*Task instructions*.
Would you copy exactly the lines in the data below from the one that has "Reebok ZR8 Treadmill - £414.37 @ Amazon" through the one that has "Мат пазл (ласточкин", dropping any pictures?

*Data*.
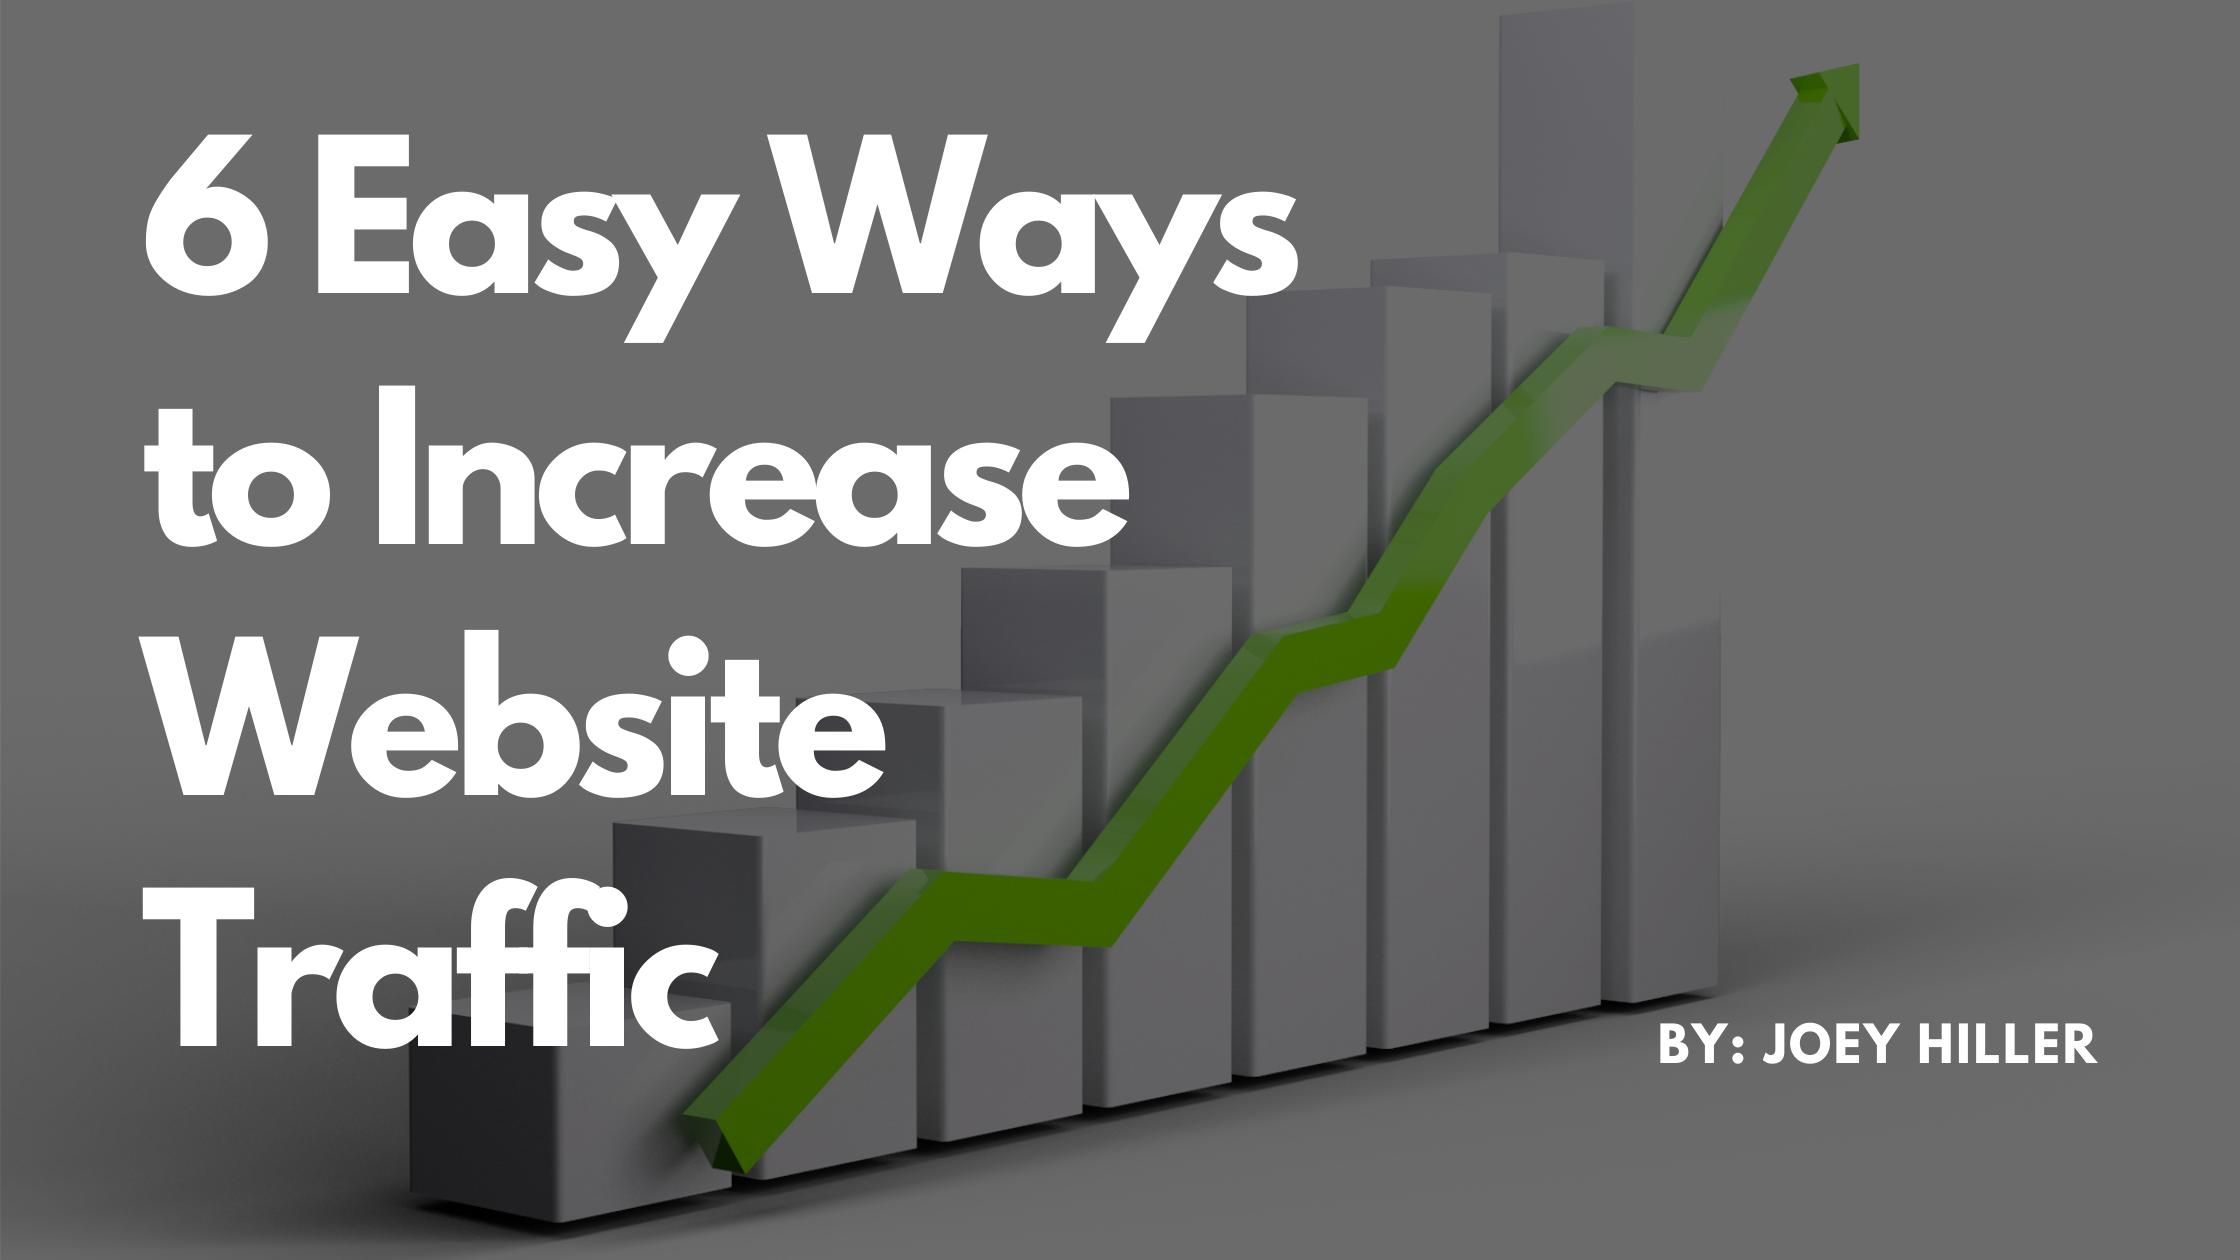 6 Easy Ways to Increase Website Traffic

...

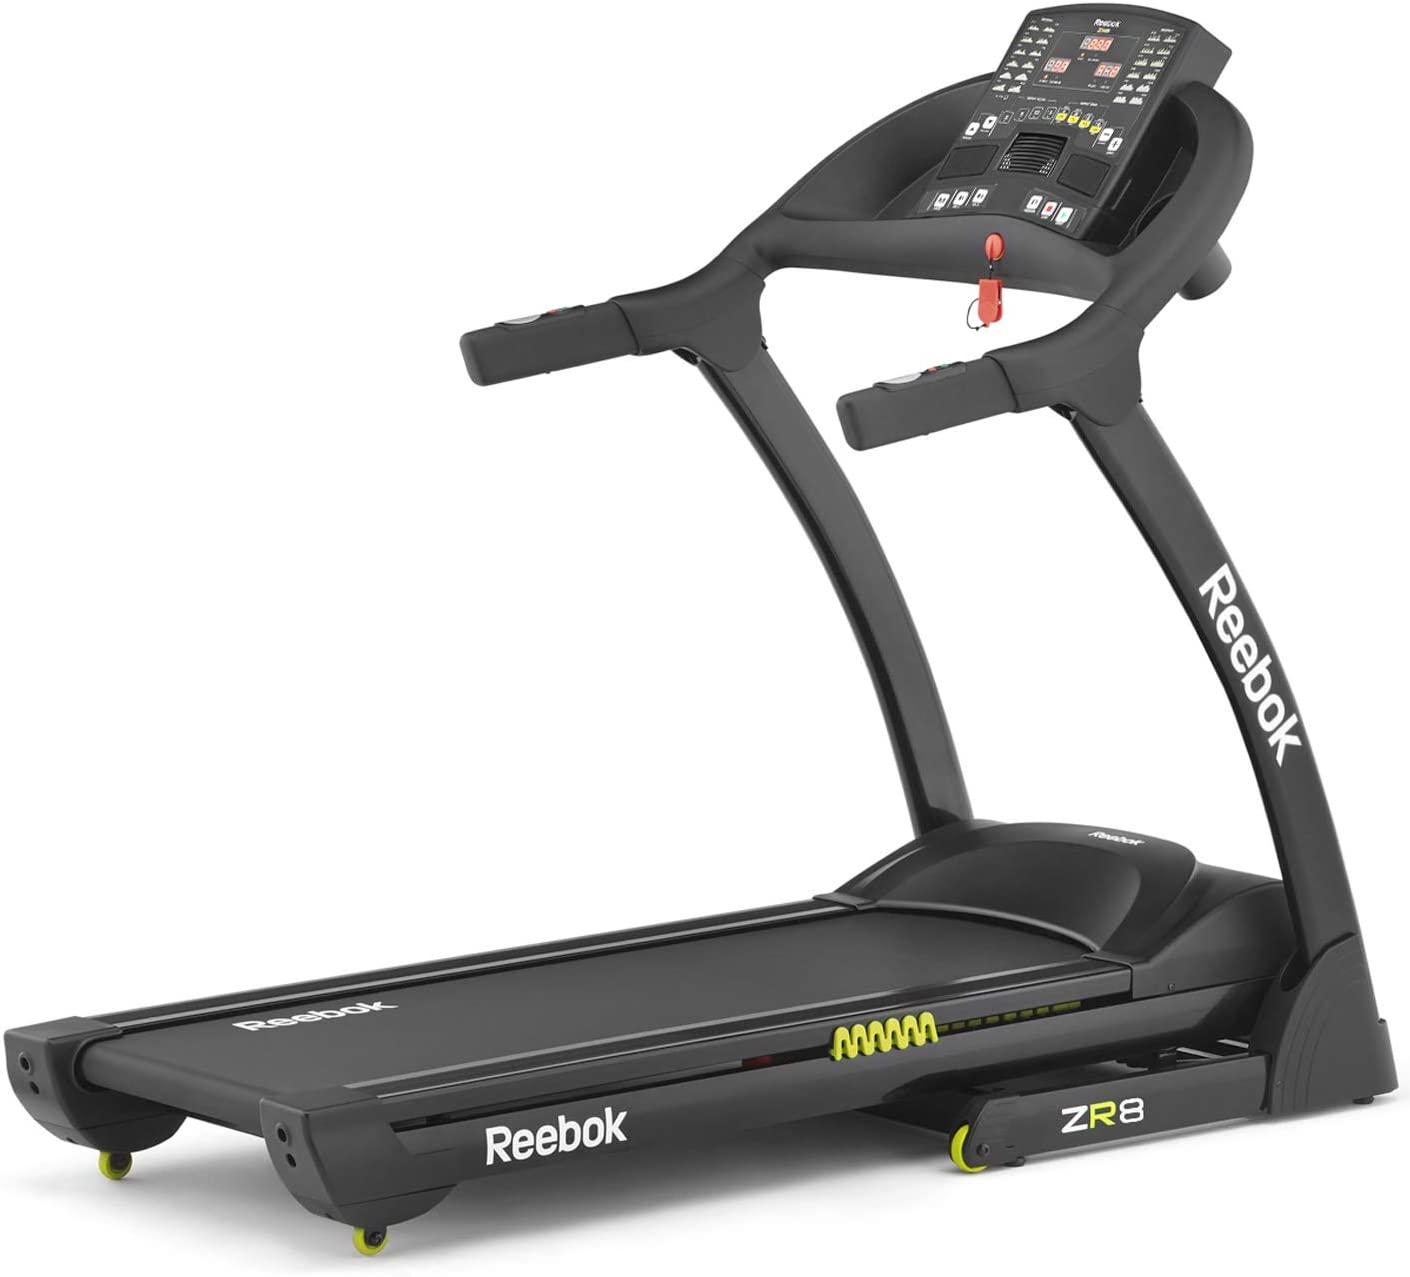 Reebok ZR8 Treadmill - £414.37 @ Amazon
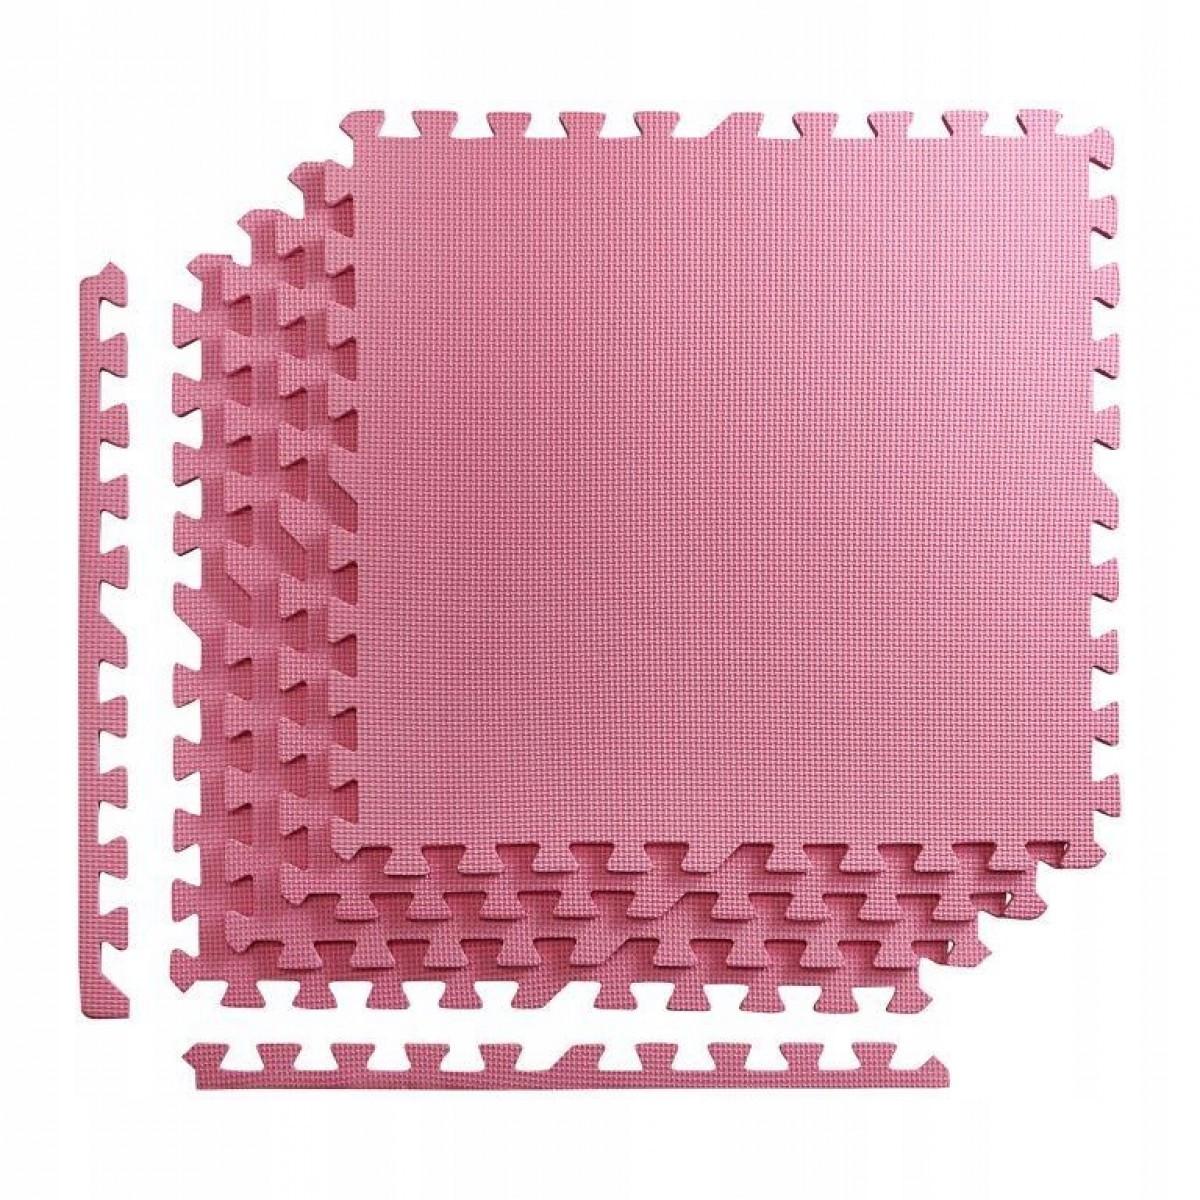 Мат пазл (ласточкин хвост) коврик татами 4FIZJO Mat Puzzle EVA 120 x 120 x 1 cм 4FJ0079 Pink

--

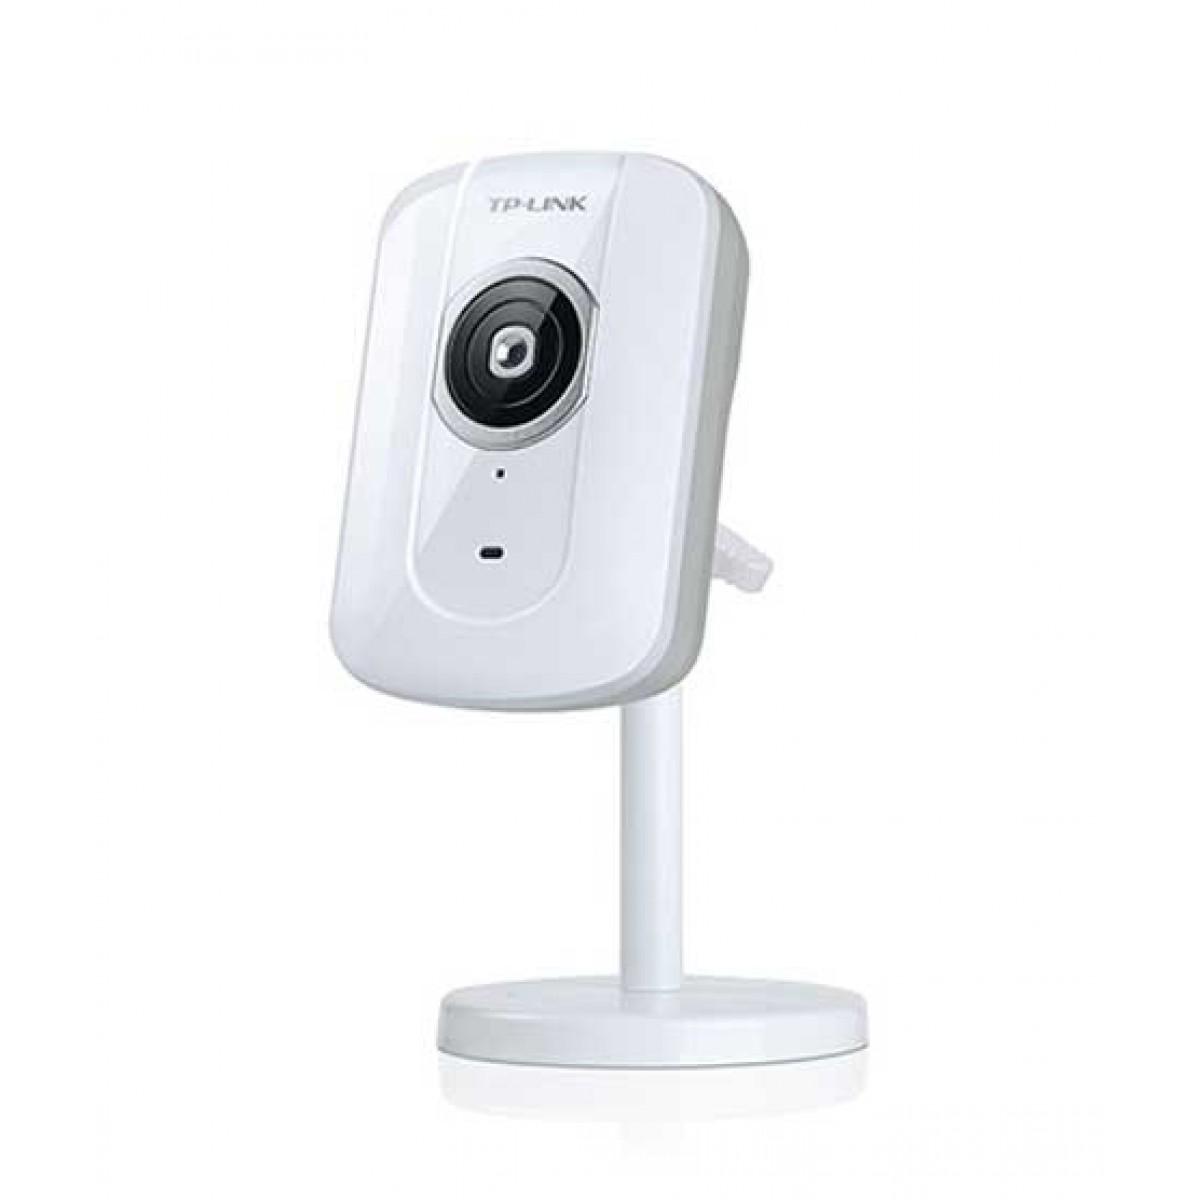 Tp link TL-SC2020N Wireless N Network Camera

*Reply to the exercise*.
 Reebok ZR8 Treadmill - £414.37 @ Amazon
 Мат пазл (ласточкин хвост) коврик татами 4FIZJO Mat Puzzle EVA 120 x 120 x 1 cм 4FJ0079 Pink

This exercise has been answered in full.